This phase covers the period when the numbers of polio-free countries and regions are increasing but wild polioviruses continue to circulate somewhere in the world.

During this phase, nations:

1. Survey all biomedical laboratories to identify those with wild poliovirus infectious or potential infectious materials and encourage destruction of all unneeded materials.
2. Develop an inventory of laboratories that retain such materials and report to the Regional Certification Commission.
3. Instruct laboratories retaining wild poliovirus infectious or potential infectious materials to institute enhanced biosafety level-2 (BSL-2/polio) measures for safe handling.
4. Plan for Global Certification.

National, regional, and global inventories of all institutions/ laboratories with stored stocks of wild poliovirus infectious or potential infectious materials provide the basis for achieving global laboratory containment when wild poliovirus transmission is interrupted. The four primary activities of this phase are described below.

1. Surveying laboratories

The purpose of the national survey is to identify all laboratories storing wild poliovirus infectious or potential infectious materials. A major function of the survey is to encourage destruction of those materials that are no longer needed. The national survey is hierarchical, beginning with notification to the national government by WHO and proceeding through Ministries of Health and other concerned Ministries to agencies and institutions, and to individual laboratories. Because many laboratories that might possess such materials are outside the health sector, completion of the national survey requires Ministries of Health to enlist the cooperation of other ministries, such as Education, Defence, and Environment Box 4. Each country should designate a National Task Force/Coordinator for planning and implementing the multi-sectoral national survey and for verifying that all activities have been completed.

Many different types of laboratories may store wild poliovirus infectious or potential infectious materials.
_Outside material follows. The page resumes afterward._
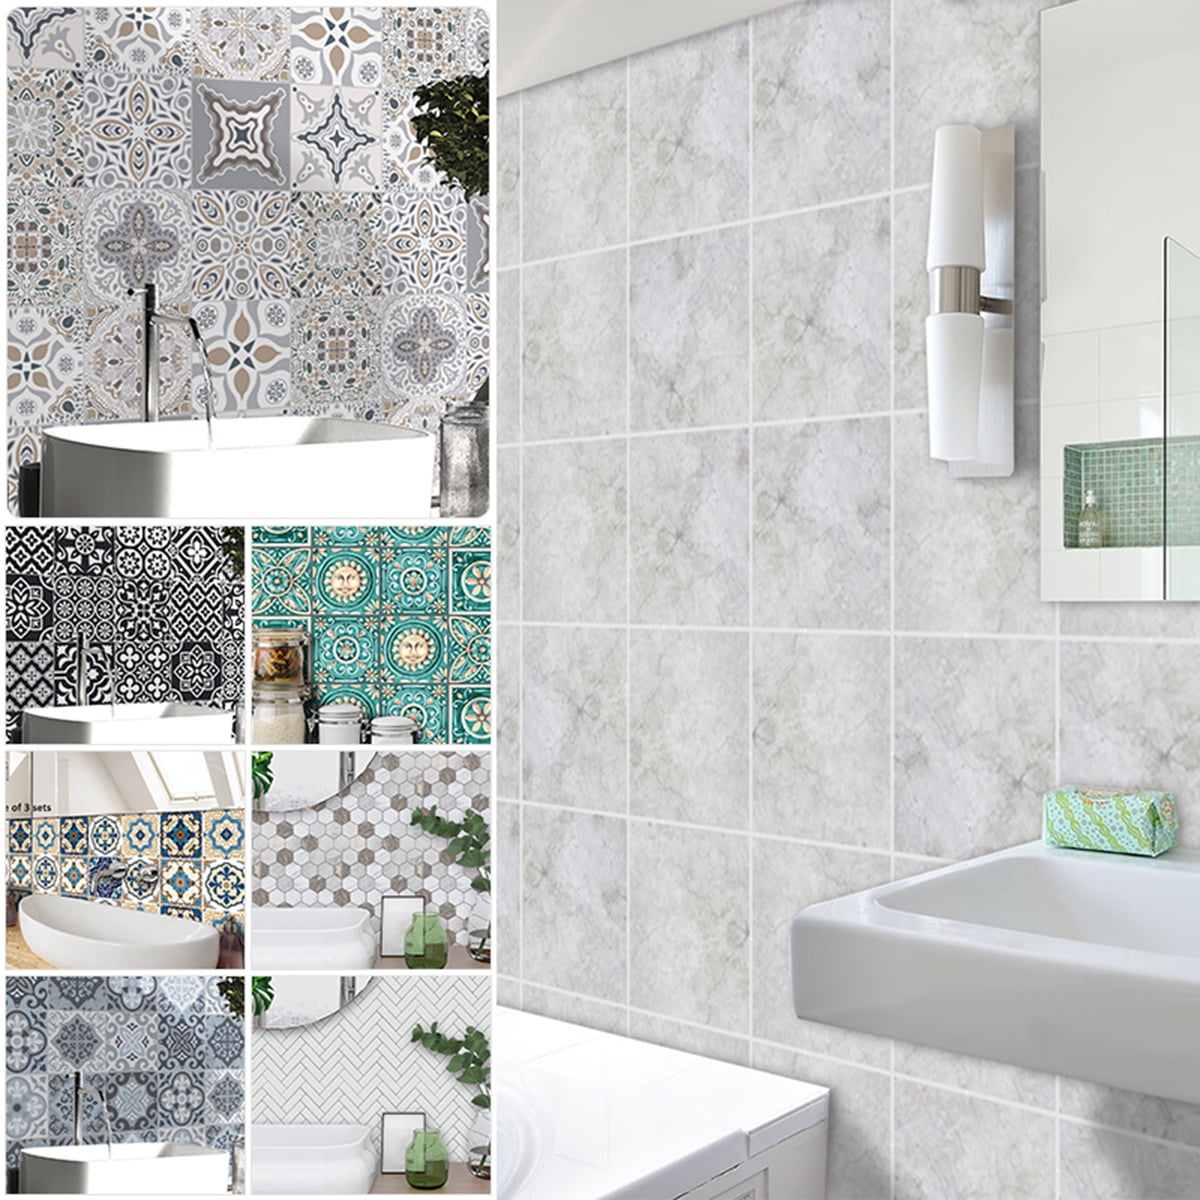 Waterproof Backsplash Stickers for Kitchen Bathroom Decor HT007-15 Peel and Stick Tile Stickers 15x15cm 10 Pcs Owill Self-Adhesive Wall Tile Decals

A variety of resources may be required to identify these laboratories, including national laboratory registries, accrediting bodies, professional organizations, and national and institutional biosafety networks.

Types of laboratories possibly storing wild poliovirus infectious materials are described below and summarized in Box 4.

• Poliovirus/Enterovirus Laboratories: Laboratories currently working with polioviruses, or those that have worked with polioviruses in the past, are likely sources of wild poliovirus materials. Such laboratories that conduct research or serve a diagnostic function are most likely found in universities or government health agencies.



• General Virology Laboratories: Some virology laboratories, not necessarily identified as poliovirus laboratories, may work with wild polioviruses/enteroviruses or may have worked with such viruses in the past for diagnostic testing, research, or teaching exercises. Diagnostic and public health laboratories may have stored poliovirus isolates and clinical specimens from past investigations of endemic or imported cases of poliomyelitis. Some have multiple virus strains for test controls or reference purposes. Educational institutions may have wild polioviruses for teaching exercises. Virus research laboratories may have poliovirus stocks or infectious materials for studies on the biological, biochemical, or genetic properties of viruses. Such laboratories may be found in numerous organizations including public health institutions, national control agencies, clinical facilities, commercial services, research, and academic institutions.



• Environmental Testing Laboratories: Some environmental laboratories may have wild poliovirus contaminated materials (sewage or water samples; see Annex 1) or wild poliovirus isolates as reference strains or controls.



• Industry: Vaccine manufacturers have wild poliovirus strains for the production of IPV or often to test the quality of OPV. Such production laboratories are few in number and generally known to national regulatory authorities. Related companies, such as disinfectant manufacturers, may use wild poliovirus to measure the effectiveness of virucidal compounds or as reference standards.

Laboratories storing potential wild poliovirus infectious materials are more challenging to identify. These materials may include a variety of clinical or environmental samples collected for purposes unrelated to polio investigations. An example is a laboratory with faecal samples collected for diarrhoeal disease research during a time and in a geographical area of wild poliovirus endemicity. All of the above-listed laboratories may have potential wild poliovirus infectious materials. Others include clinical bacteriology, parasitology, pathology, gastroenterology, and nutrition laboratories, which are likely to be located in hospitals (both private and government), academic institutions, and the private sector. Research laboratories studying enteric diseases, cholera, parasitic infections, or nutrition are of particular importance (Box 4).

Each laboratory should conduct a thorough search for materials that meet the definition of wild poliovirus infectious or potential infectious materials. Laboratories should critically examine the need to retain any wild poliovirus materials and dispose of all such materials that serve no programmatic or research purpose. For most diagnostic tests, wild polioviruses may be replaced with OPV strains, inactivated antigens, or non-polio enteroviruses (Annex 2). If wild poliovirus materials are required, only viruses readily identifiable by molecular methods should be used. Laboratories retaining wild poliovirus infectious or potential infectious materials should be listed on the National Inventory and operate under Biosafety Level-2/polio (BSL- 2/polio) conditions as described below.

2. Developing National Inventories

The purpose of the National Inventory is to document the location of the laboratory and types of wild poliovirus infectious or potential infectious materials being retained in the country, meet the country requirements for certification of Regions as polio-free, and maintain a current list of laboratories to be notified to initiate the appropriate containment procedures one year after detection of the last wild poliovirus.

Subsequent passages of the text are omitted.